We have long supported proposed legislation that would presume that parents, in particular, would be suitable guardians of their adult children with I/DD.  This legislation was first proposed by the late Stan McDonald, who had sought unsuccessfully to regain guardianship of his intellectually disabled son.

Stan’s bill, which was most recently filed in the previous legislative session, has never gotten out of the Judiciary Committee, however.

Independent DDS appeals process

The appeals process that persons must follow regarding Individual Support Plans (ISPs) contains a serious conflict of interest in that DDS controls the entire process.

When a family member or guardian of a DDS client appeals the client’s ISP, the DDS commissioner appoints a hearing officer of its choice to decide the case.  After the hearing officer decides the appeal, the commissioner can reverse the decision. We have reported on at least two instances in the past year and a half in which this appeals process has been marred by apparent bias on the part of the DDS-selected hearing officer against the appellants.

We would support a bill, which would place the entire ISP appeals process under the control of the independent state Division of Administrative Law Appeals (DALA).

DPPC Abuser Registry reform

Last year, we reported that in only a minority of the cases in which the Disabled Persons Protection Commission (DPPC) affirmed initial substantiations of abuse allegations against care providers did the agency conclude that those persons’ names should be placed in the DPPC’s Abuser Registry.

An individual whose name is listed in the Registry can no longer work in any DDS-funded care setting.

Following our report, state Senator Patrick O’Connor, the original sponsor of the legislation that created the Registry, said he was worried by our findings and that it “may be time to fine-tune” the law.

We are calling for changes in the law that include requiring the DPPC to consider several factors listed in the regulations for determining whether a care provider against whom abuse has been substantiated is really fit to continue to provide services. Right now, the regulations say only that the DPPC “may” consider factors such as previous incidents of abuse and the provider’s previous work history.

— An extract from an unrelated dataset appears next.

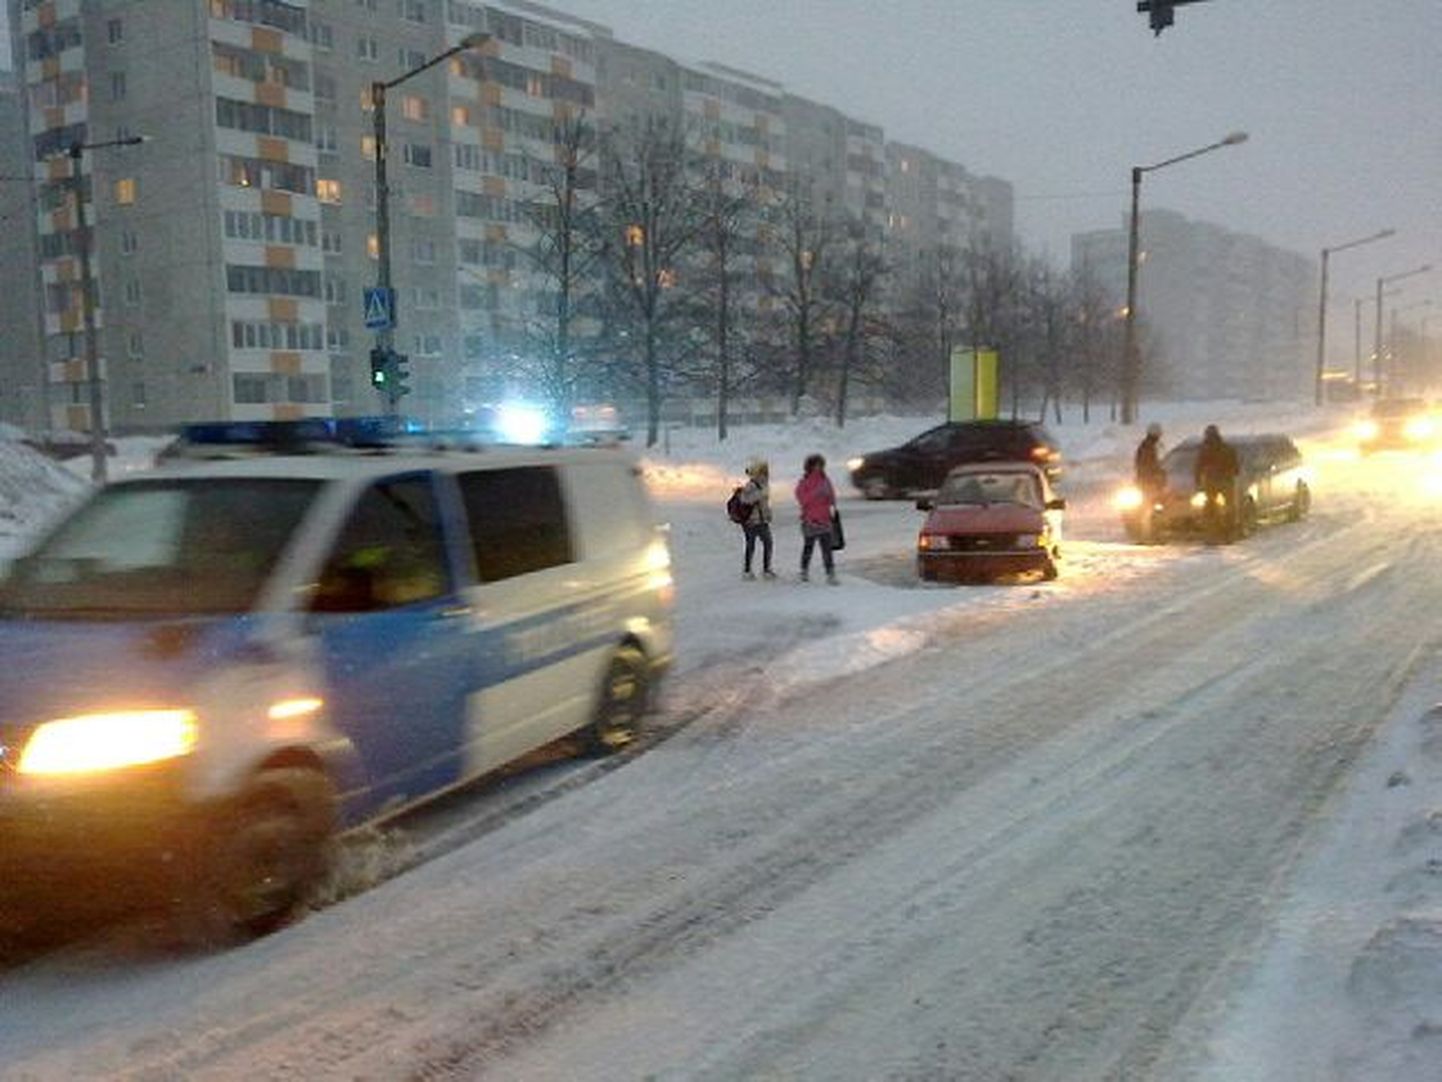 Enne kella 17 Tallinnas Smuuli ja Laagna juhtunud avariis inimesed kannatada ei saanud.

Also, we believe the regulations should explicitly require that the DPPC place care providers in the Registry in all cases in which the agency has affirmed allegations of intentional physical or sexual abuse.

Funding to corporate providers must result in higher wages for direct-care workers

Increases in state funding to the providers over the past decade have resulted in continuing increases in the pay of the provider executives. The increased state funding, however, hasn’t been passed through by the providers to their direct care employees.

We are calling for legislation that would raise the pay of direct-care workers employed by DDS corporate providers to $25 per hour.

Work opportunities needed in congregate care settings

In the wake of the closures of all sheltered workshop programs in Massachusetts as of 2016, we are calling for legislation authorizing the introduction of work opportunities for individuals in community-based day programs.

The last time such legislation was proposed appears to have been in 2019 in the form of then H.88. That legislation, however, did not make it out of committee.

Safeguards and corrections needed in Supported Decision Making legislation

During the last legislative session, identical Supported Decision Making (SDM) bills came close to final enactment, but the bills died in the House Rules and House Ways and Means Committees respectively at the end of the session. We had raised numerous concerns about the bills with those and a number of other legislative committees.

We expect the same SDM legislation will be refiled in the current session. We intend to raise similar objections to the bills unless they are redrafted to correct serious flaws.

SDM reflects a growing movement to restrict guardianships of persons with I/DD and replace those guardians with “networks” of more informal advisors. While SDM can hold promise for some high-functioning individuals, and we would support its adoption only with adequate safeguards, particularly safeguards against the potential marginalization of family members.